> [ABOUT THIS EXERCISE]:
Your output should be the lines from the one containing "UGG Australia Cache-oreilles" through the end of the listing, exact and inclusive, with no pictures.

> [DATA EXTRACT]:
++++++++++++++++++++

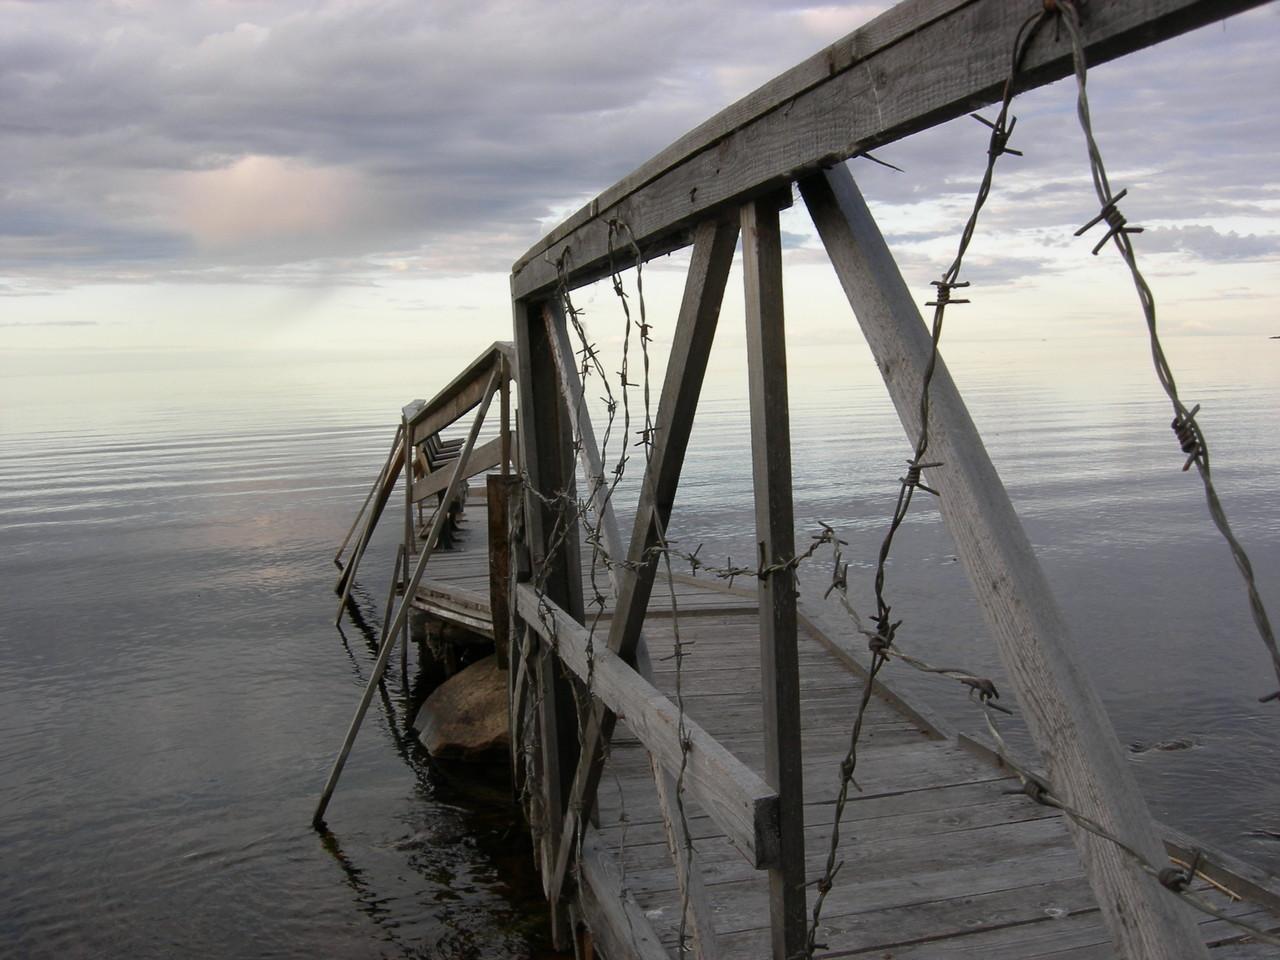 Stacheldraht bid weit in den See hinaus
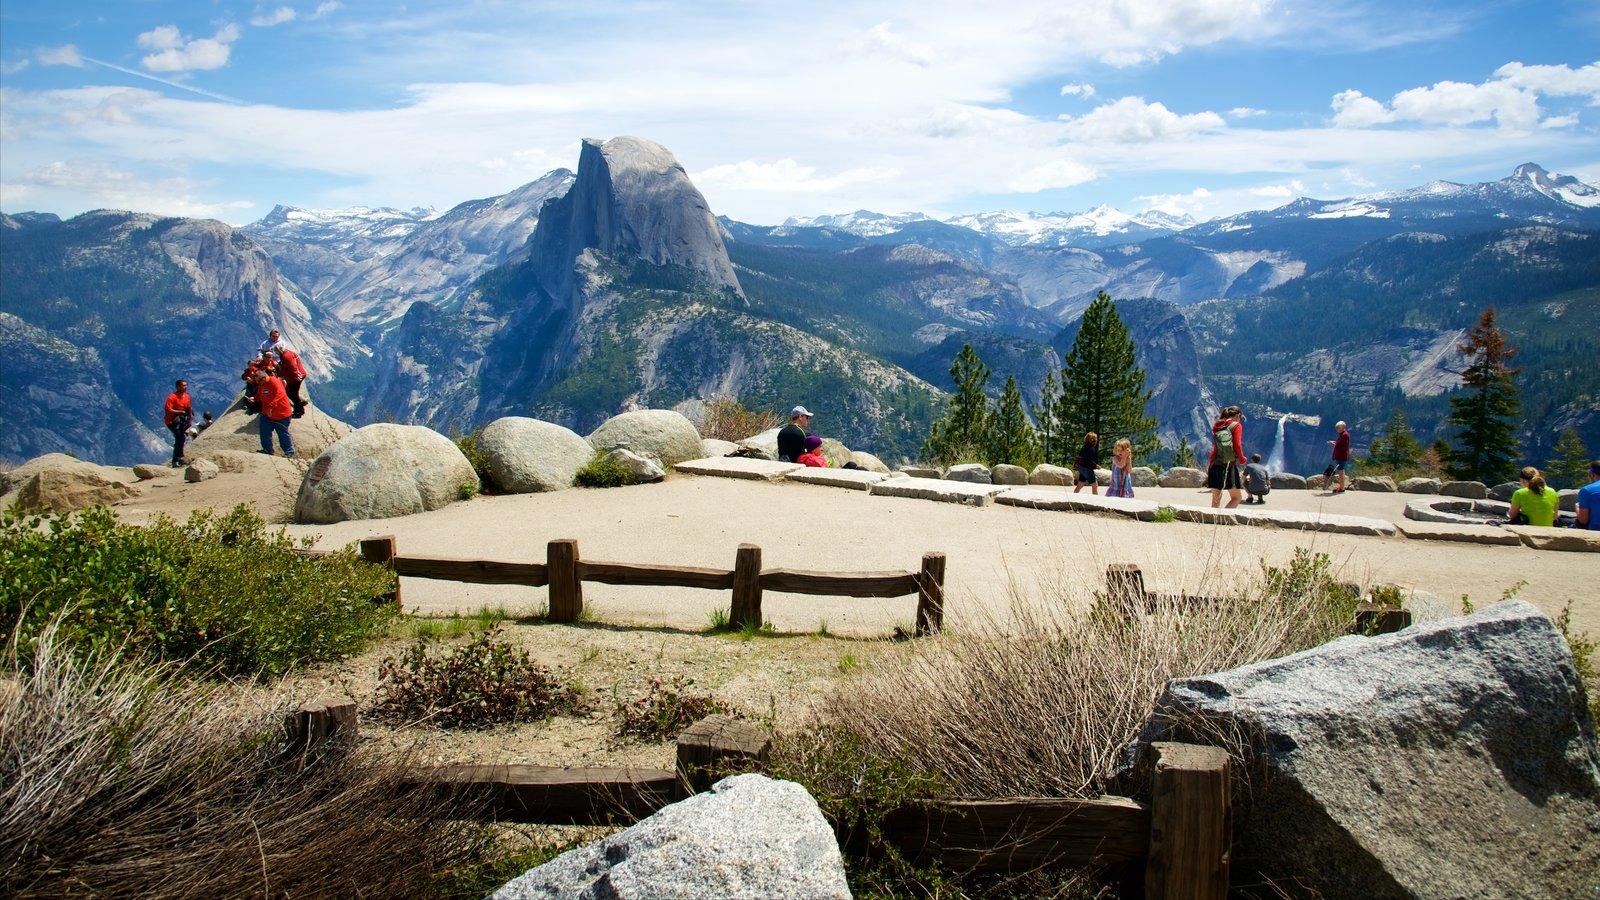 Glacier Point que inclui montanhas e paisagens assim como um pequeno grupo de pessoas
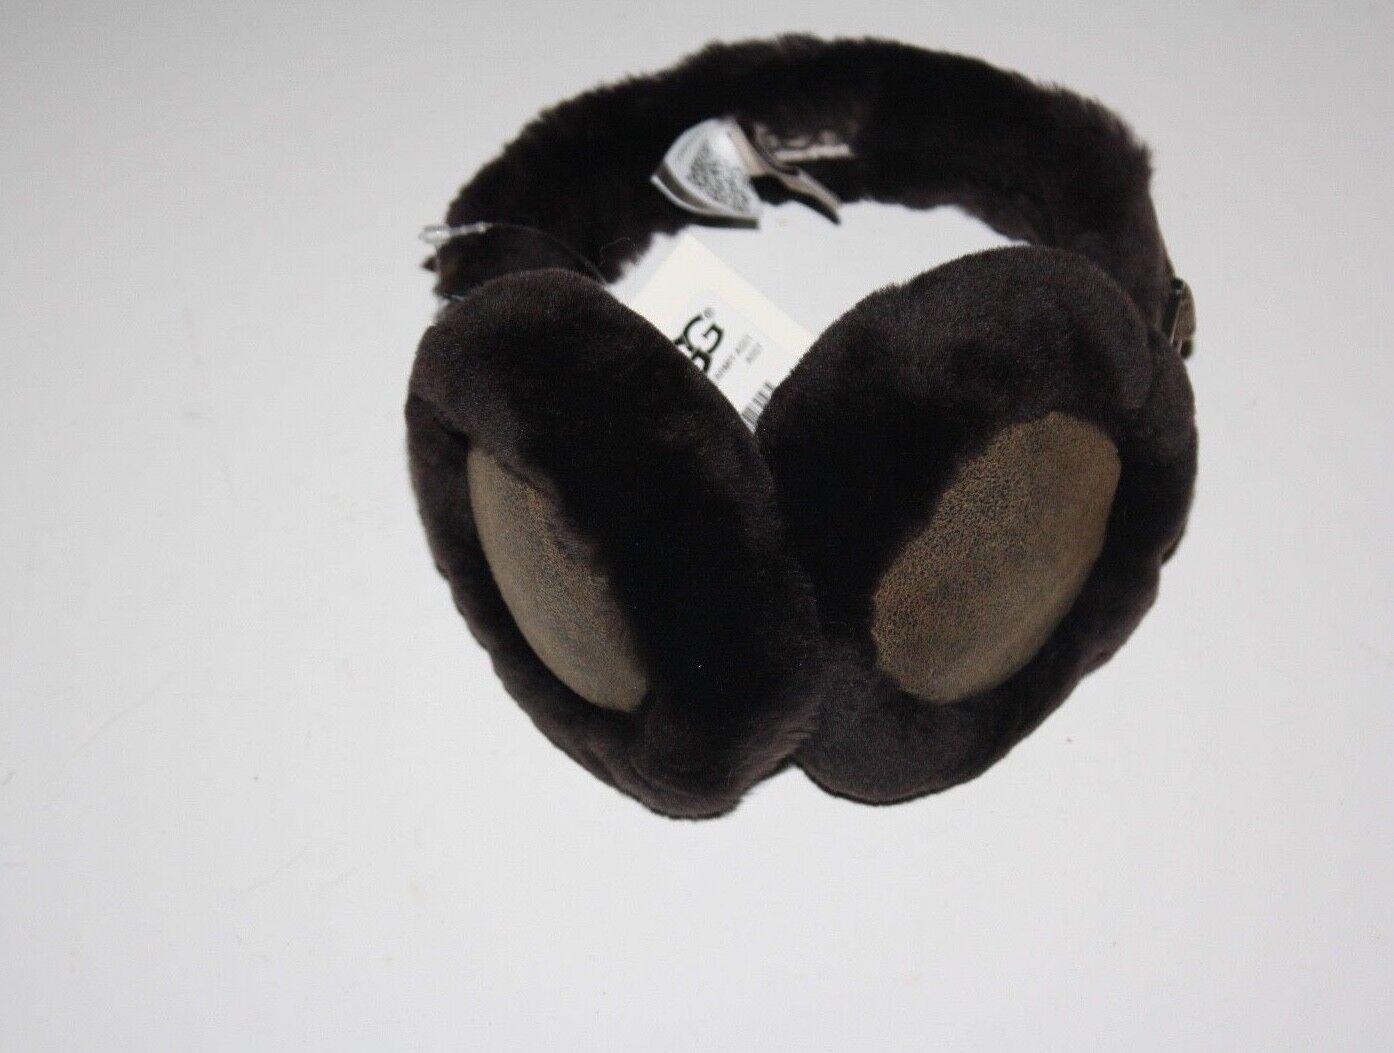 UGG Australia Cache-oreilles en peau de mouton et peau de mouton brun, taille unique, Territoires du Nord-Ouest
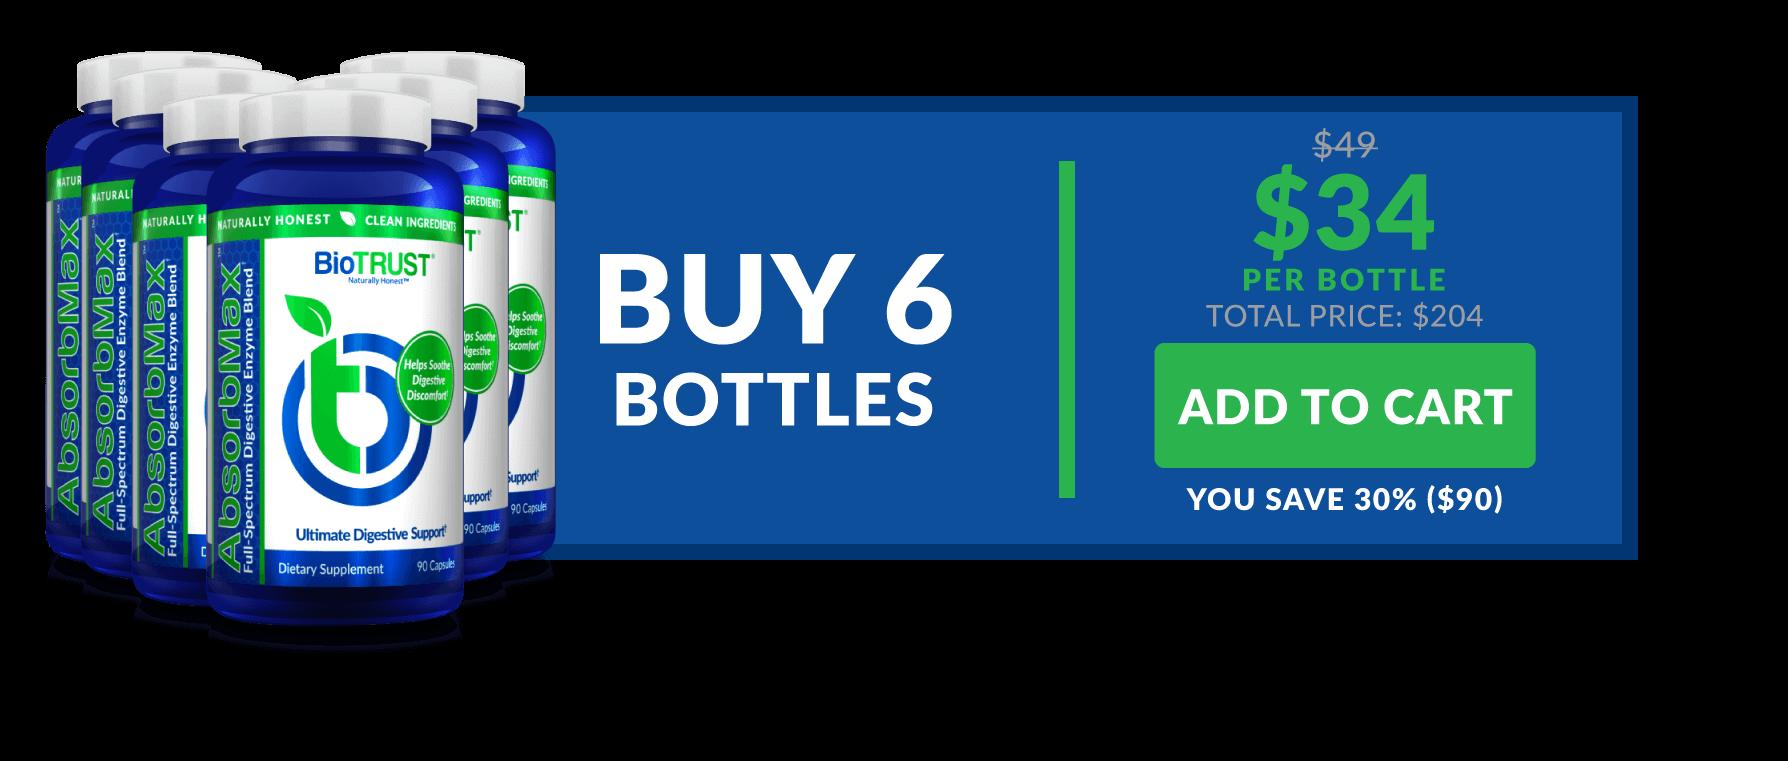 6 bottles

++++++++++++++++++++

> [RESPONSE TO THIS TASK]:
 UGG Australia Cache-oreilles en peau de mouton et peau de mouton brun, taille unique, Territoires du Nord-Ouest
 6 bottles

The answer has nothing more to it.